I agree. You both are fortunate. I recently ended a relationship & couldnt understand what he meant in saying I was trying to get back the upper hand. Being a caretaker was a choice, not an obligation. Maybe he was saying that I wanted him to car
Some may say we are "fortunate" and to a certain extent maybe it is. I feel that our hard effort to find solutions to our problems as a couple together has been the biggest contributer. We all have hard obstacles to overcome. We all struggle!
An old adage goes:
"The person with the least emotional investment in a relationship controls it."
It's the "Don't marry the person (you) love; marry the one who loves you." philosophy. However I doubt anyone who does this can ever be truly happy.
I suspect anyone who does this is constantly thinking or telling others;
One is better off trying to find someone who shares their same values, wants the same things for the relationship, naturally agrees with you on how to obtain those things, and last but not least there is a (mutual) depth of love and desire for one another.

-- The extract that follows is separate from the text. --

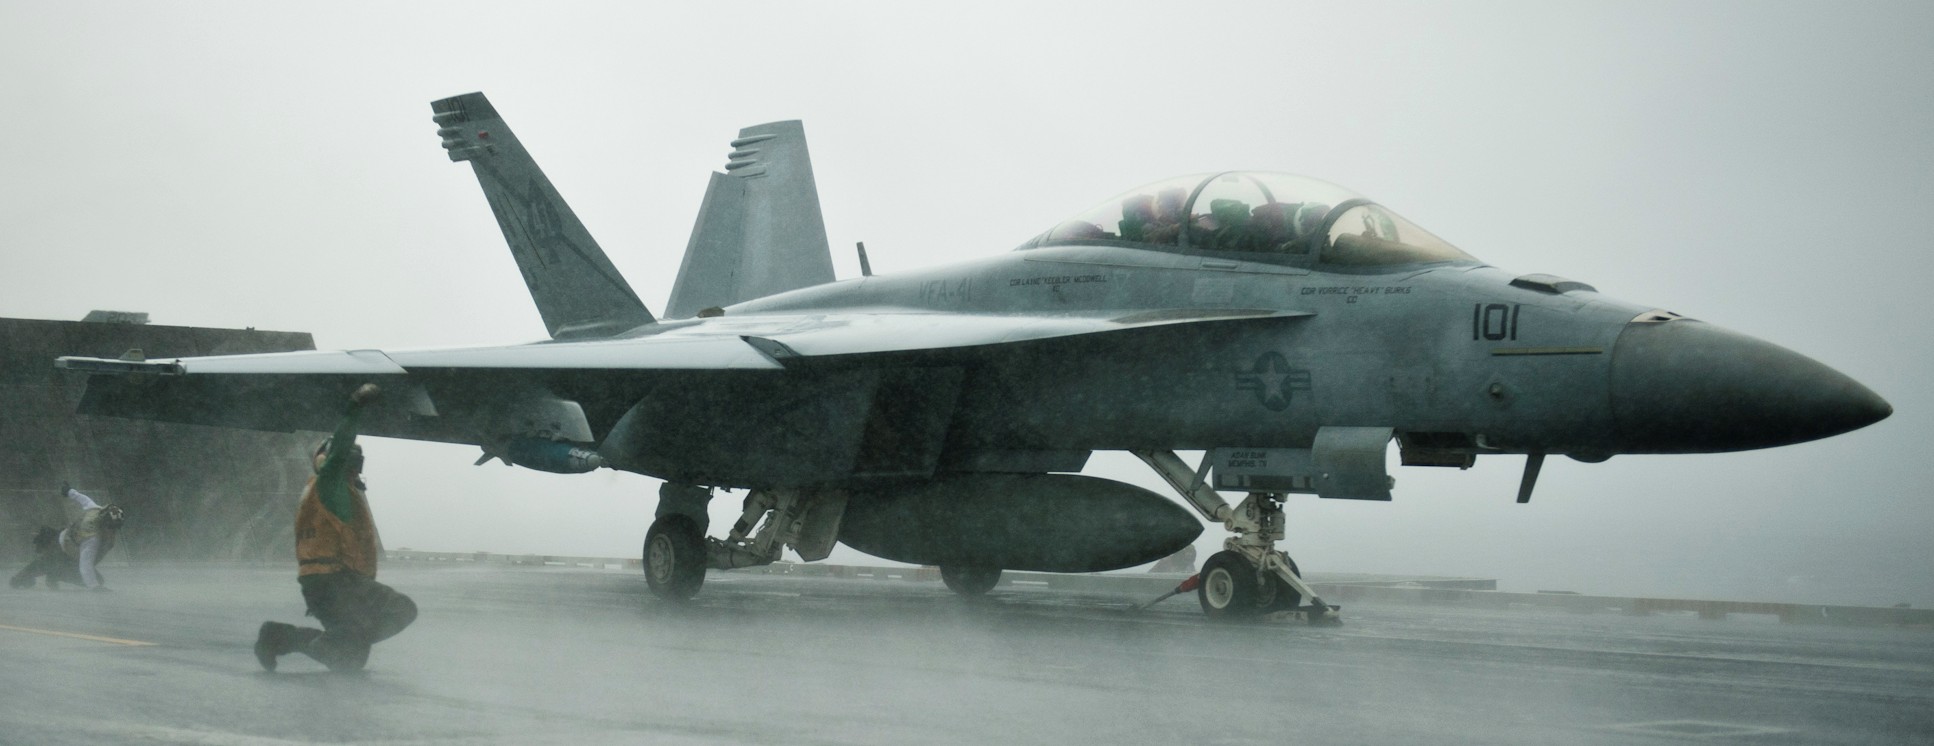 vfa-41 black aces strike fighter squadron f/a-18f super hornet cvw-9 cvn-70 uss john c. stennis us navy 103p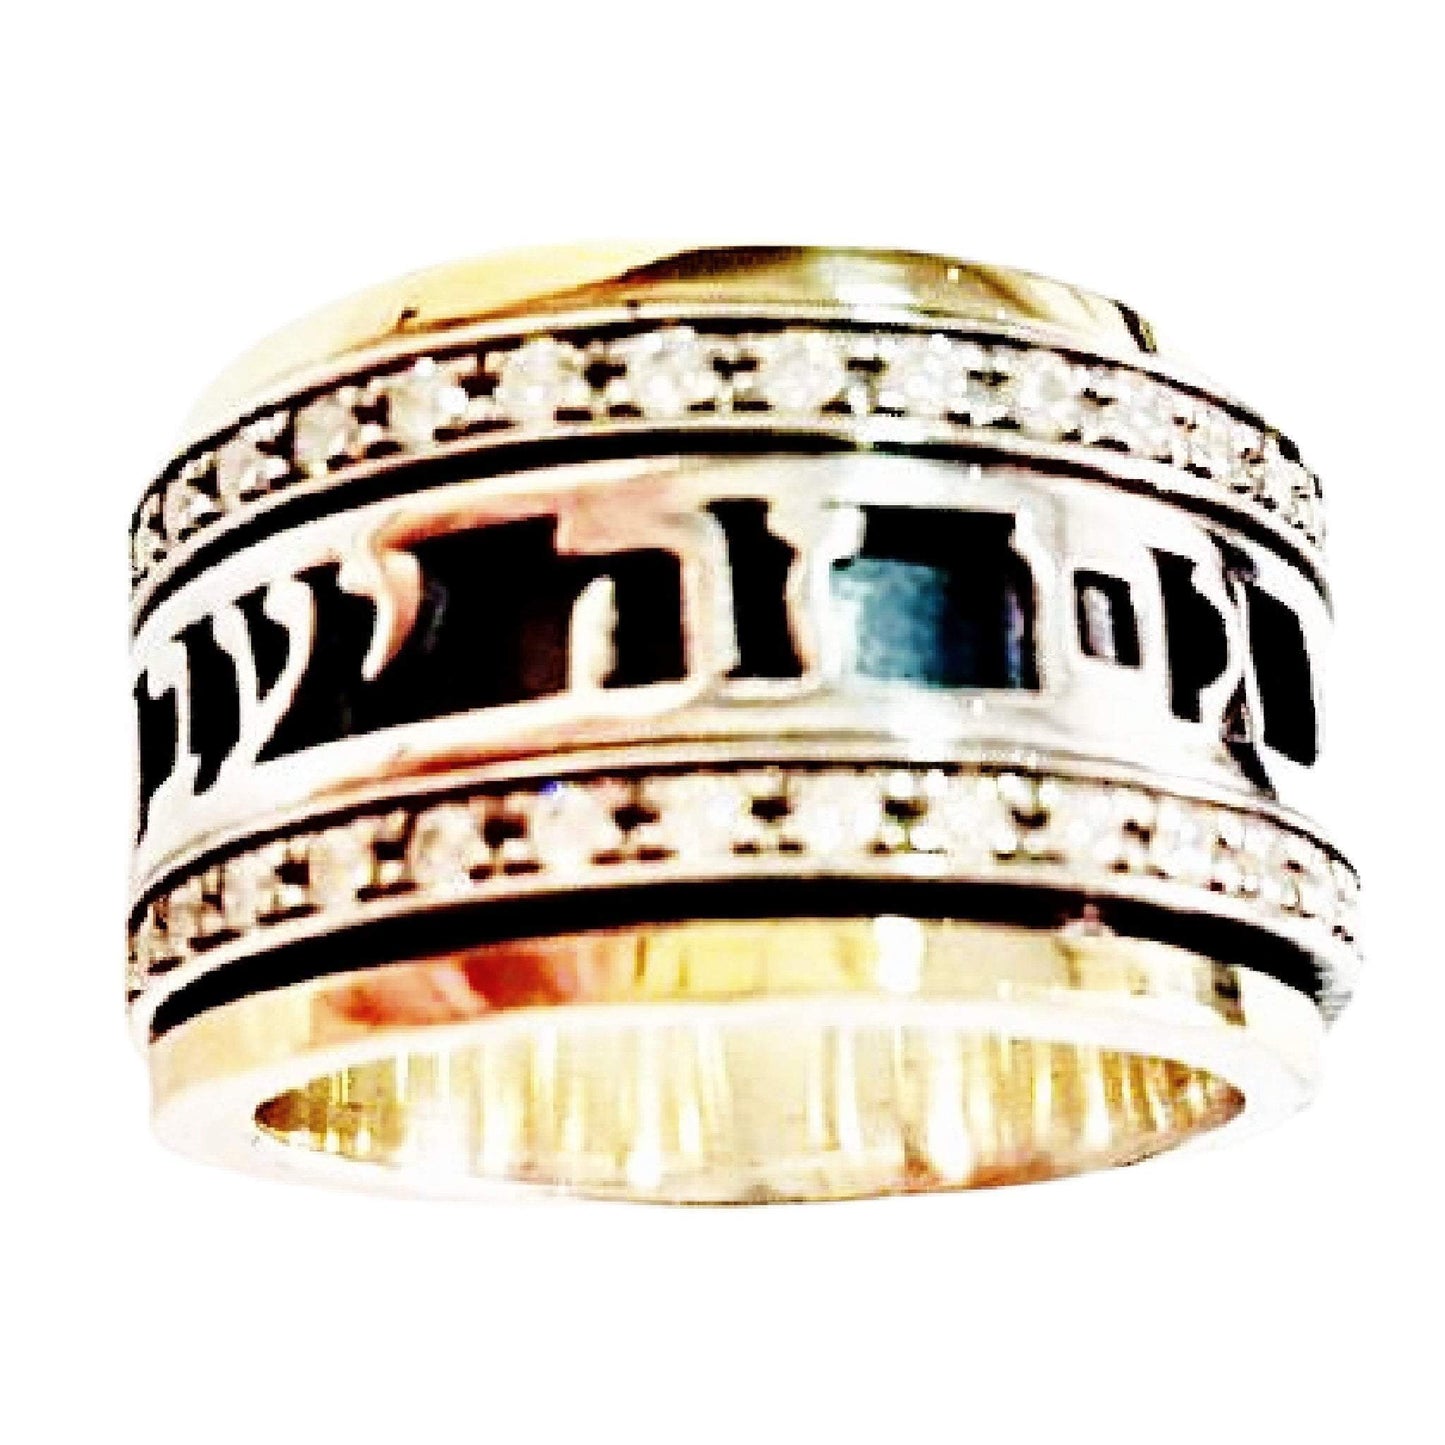 Bluenoemi Jewelry Personalized Rings Israeli jewelry designers ring Personalized Ring message Hebrew love verse ring

"Never love anyone who treats you like you're ordinary."
- Oscar Wilde
A healthy relationship is not about "You & Me". It's about "Us & We".
If someone is trying to figure out ways to control or manipulate their mate they are looking for a love that they themselves are unwilling to give. The goal is to compliment each other's strengths and weaknesses. If you want to be the boss you have to choose someone who enjoys being bossed around!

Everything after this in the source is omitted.